# Stray cats



## sheila and dave (Sep 25, 2008)

Does anybody have any GOOD solutions for getting rid of stray cats from the garden?
We bought a couple of electronic cat scarers out with us and they have no effect. We are a bit fed up spending the first part of the day cleaning up cat poo and washing down verandahs to get rid of smell.
Somebody suggested Jeyes fluid but we can't find it anywhere.

Help of any kind welcome.


----------



## junedm1 (Sep 25, 2008)

*stray cats*



sheila and dave said:


> Does anybody have any GOOD solutions for getting rid of stray cats from the garden?
> We bought a couple of electronic cat scarers out with us and they have no effect. We are a bit fed up spending the first part of the day cleaning up cat poo and washing down verandahs to get rid of smell.
> Somebody suggested Jeyes fluid but we can't find it anywhere.
> 
> Help of any kind welcome.


Hi Sheila & Dave,

I had a problem with them scrounging around any rubbish and was told that hate anything "Orange smelling". I purchased some orange kitchen cleaner spray and went mad in the garden with it but it worked and they did not come back. Give it a try. (orange peel works too)


----------



## sheila and dave (Sep 25, 2008)

Thanks for that suggestion.

Will give it a try.


----------



## Howard Lewis (Sep 26, 2008)

Put bootles of water around the perimiter f your garden and space them two feet apart.


----------



## kimonas (Jul 19, 2008)

Howard Lewis said:


> Put bootles of water around the perimiter f your garden and space them two feet apart.
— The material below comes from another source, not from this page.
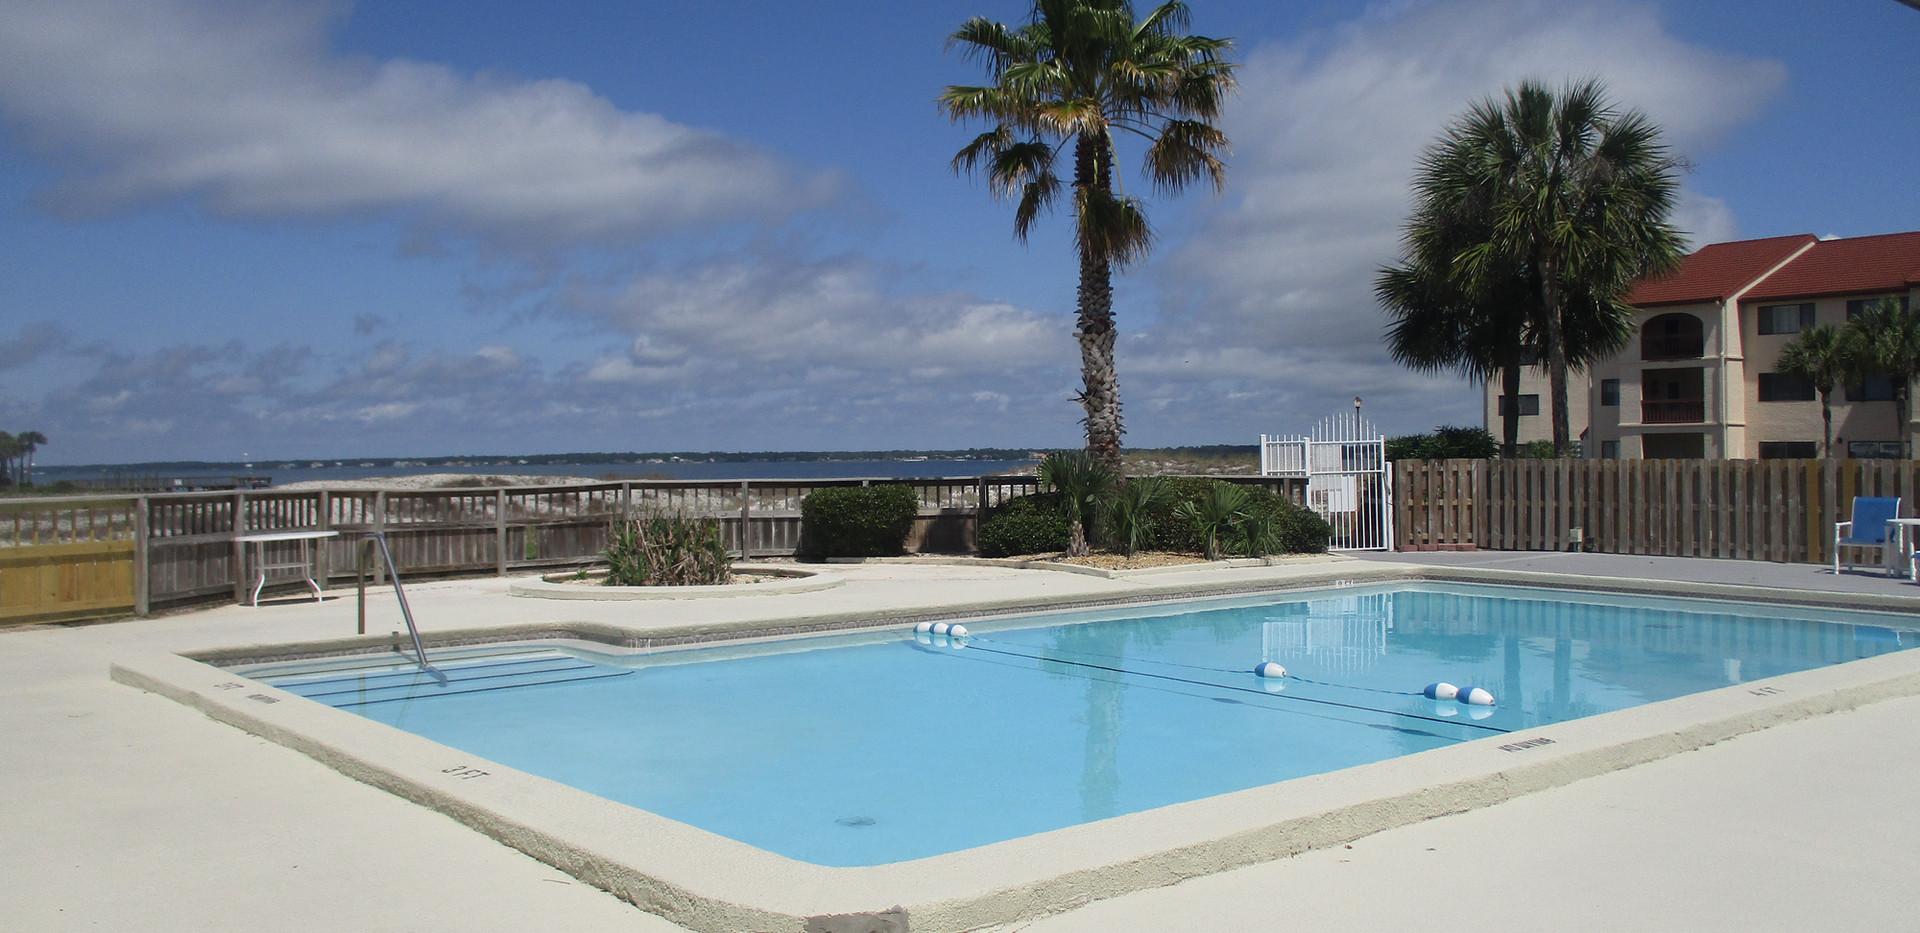 Pool at Sunset Harbor Palms

Cyprus is overpopulated with cats - I'm a great fan of cats and have many myself, but understand the problems that they can create for neighbours. Many locals poison them - very effective. We found the best solution is to nueter as many as we can get our hands on - the main reason for the smell is territorial marking, which disappears when there is no sexual heirarchy. We have 15 or so cats near our building - all nuetered. The dominant nuetered male chases off all the intact local rivals and so they no longer spray or leave faeces uncovered. We found a vet in Nicosia that would do mass nueterings for a discount. It is an expensive option, however, and it is easy to start sympathising with the local solution which is to shoot/poison them.


----------